# abs removal



## nismosleeper (Jan 16, 2005)

Is it possible to remove the abs equipment underneath the hood and maintain safety? My ABS deos not work, and it just sits there being unfunctional and ugly, and I would like to remove it to clean things up under there, but there seems to be important lines and such. Any ideas?


----------



## Matt93SE (Sep 17, 2003)

remove the ABS computer, pump, all steel hard lines under the car and in engine bay, and master cylinder.

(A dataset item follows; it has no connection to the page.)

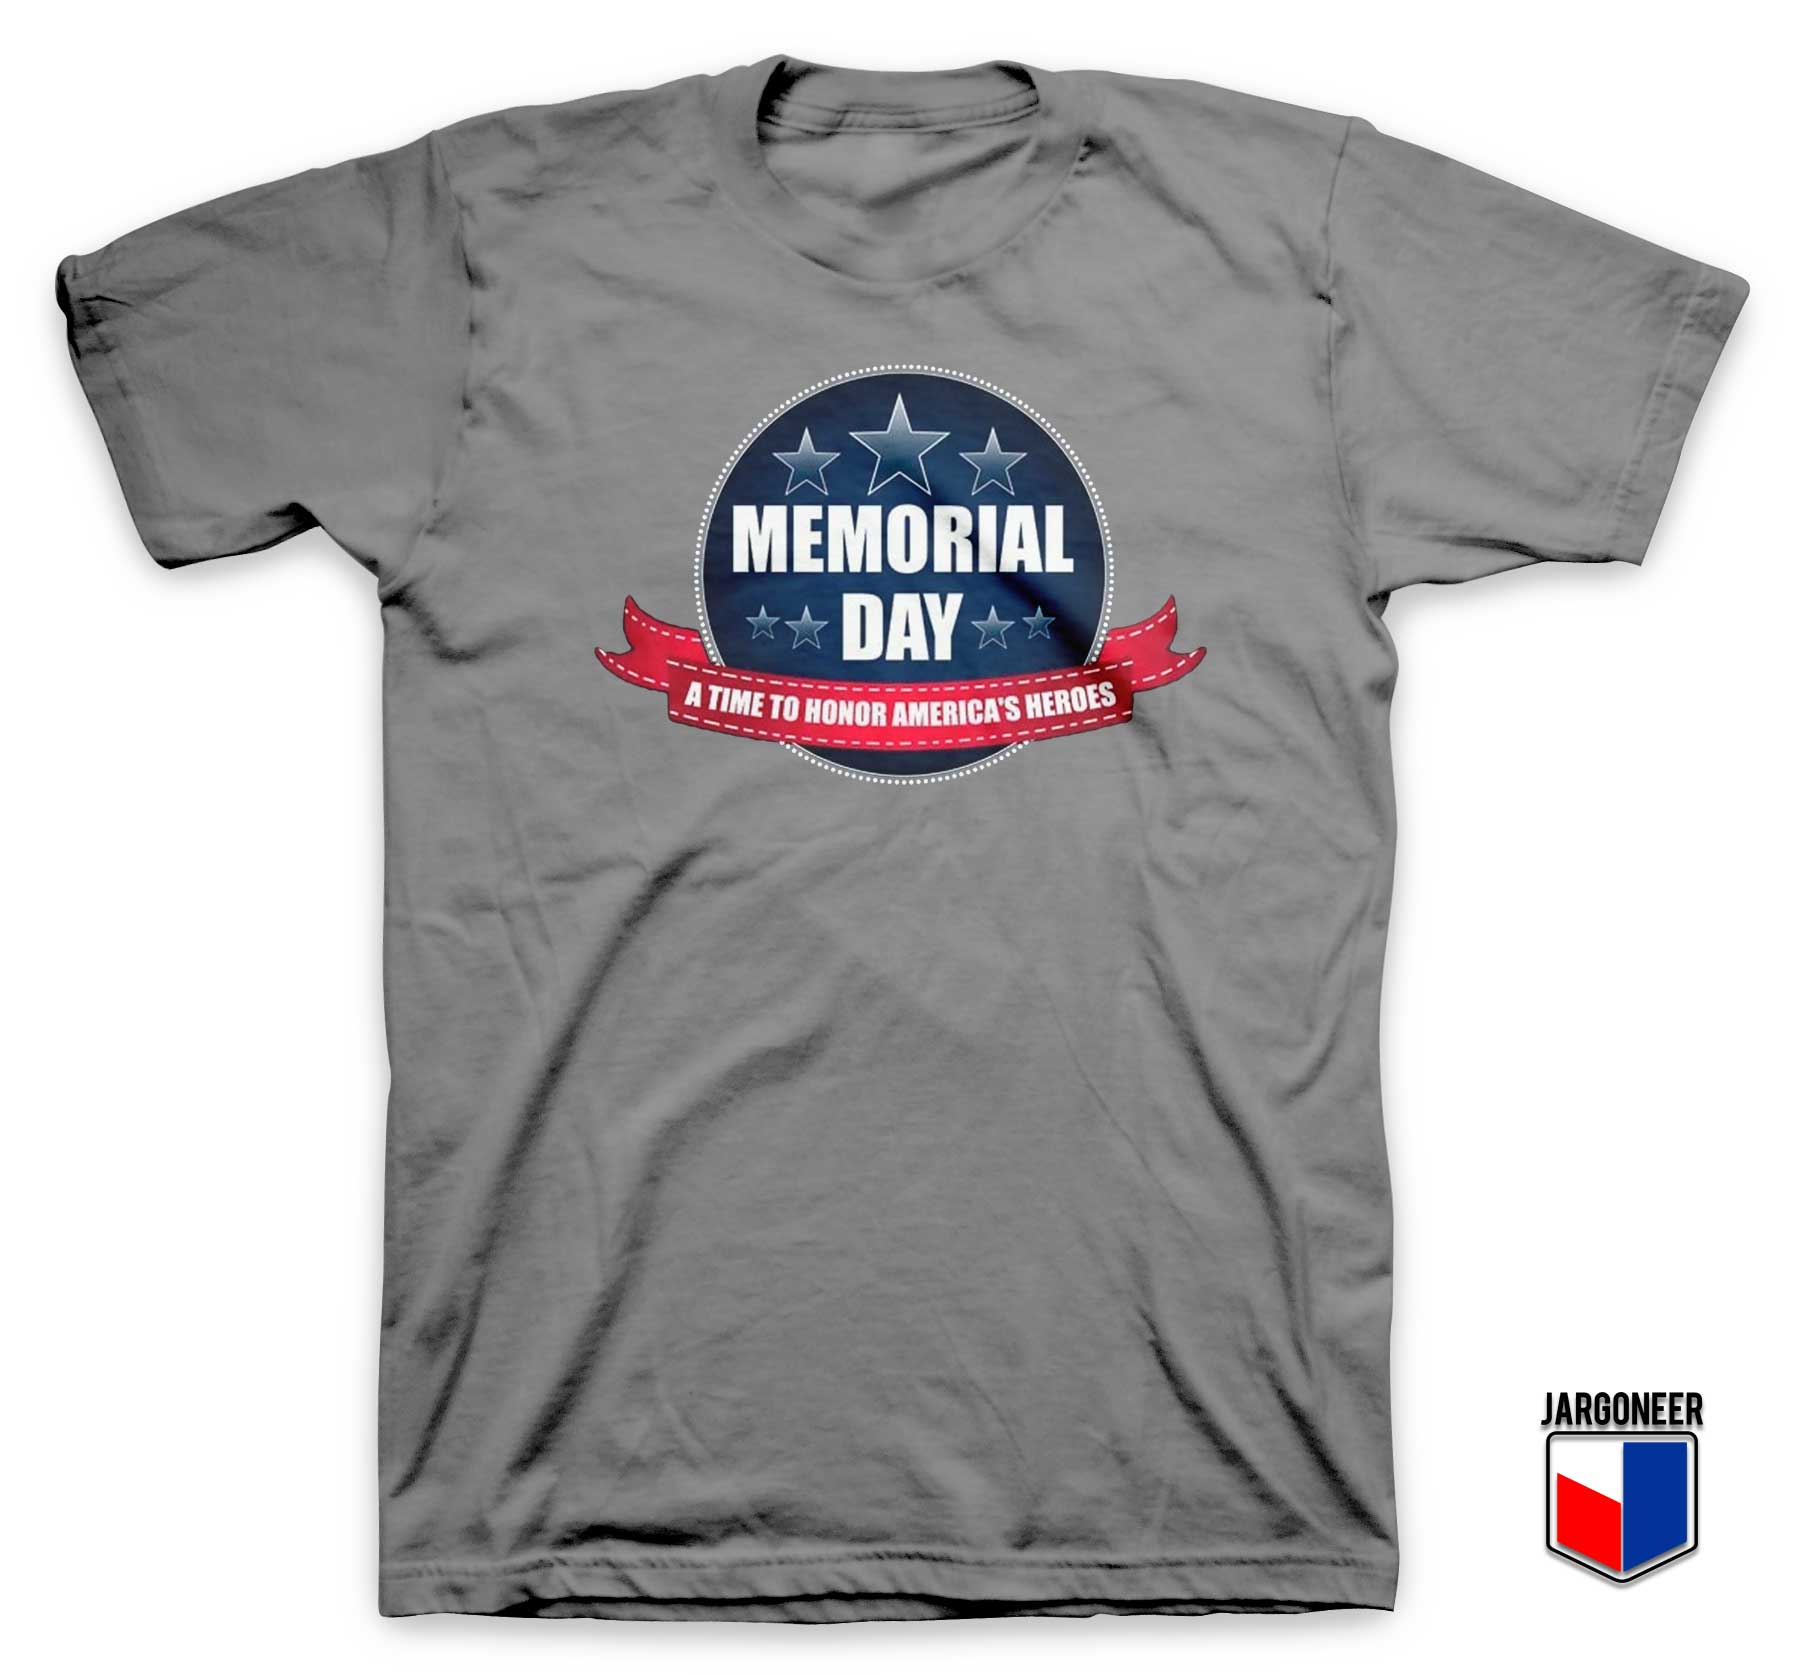 Memorial Day Gray T Shirt - Shop Unique Graphic Cool Shirt Designs

replace all parts with non-abs model.


----------



## nismosleeper (Jan 16, 2005)

Matt93SE said:


> remove the ABS computer, pump, all steel hard lines under the car and in engine bay, and master cylinder.
> 
> replace all parts with non-abs model.


Cool; thanks


----------



## Jeff92se (Jul 11, 2003)

So done yet?  



nismosleeper said:


> Cool; thanks


----------



## nismosleeper (Jan 16, 2005)

Jeff92se said:


> So done yet?


Um...no..still have a LOT of stuff to do. My vg tranny is toast, so I'm waiting on a fw and clutch and then I'll toss on a ve tranny, and then get the turbo stuff hooked up, the the abs removal maybe. It is going to be a PITA, but worth it; I assume ya'll already knew that though.....


----------



## sp3dymax (Sep 9, 2005)

Oh man I hate the ABS unit on our cars, terrible, really awful...
My first one leaked, the one from the junkyard leaked, the 3rd one is holding up but leaks still.. I HATE THE ABS UNIT


----------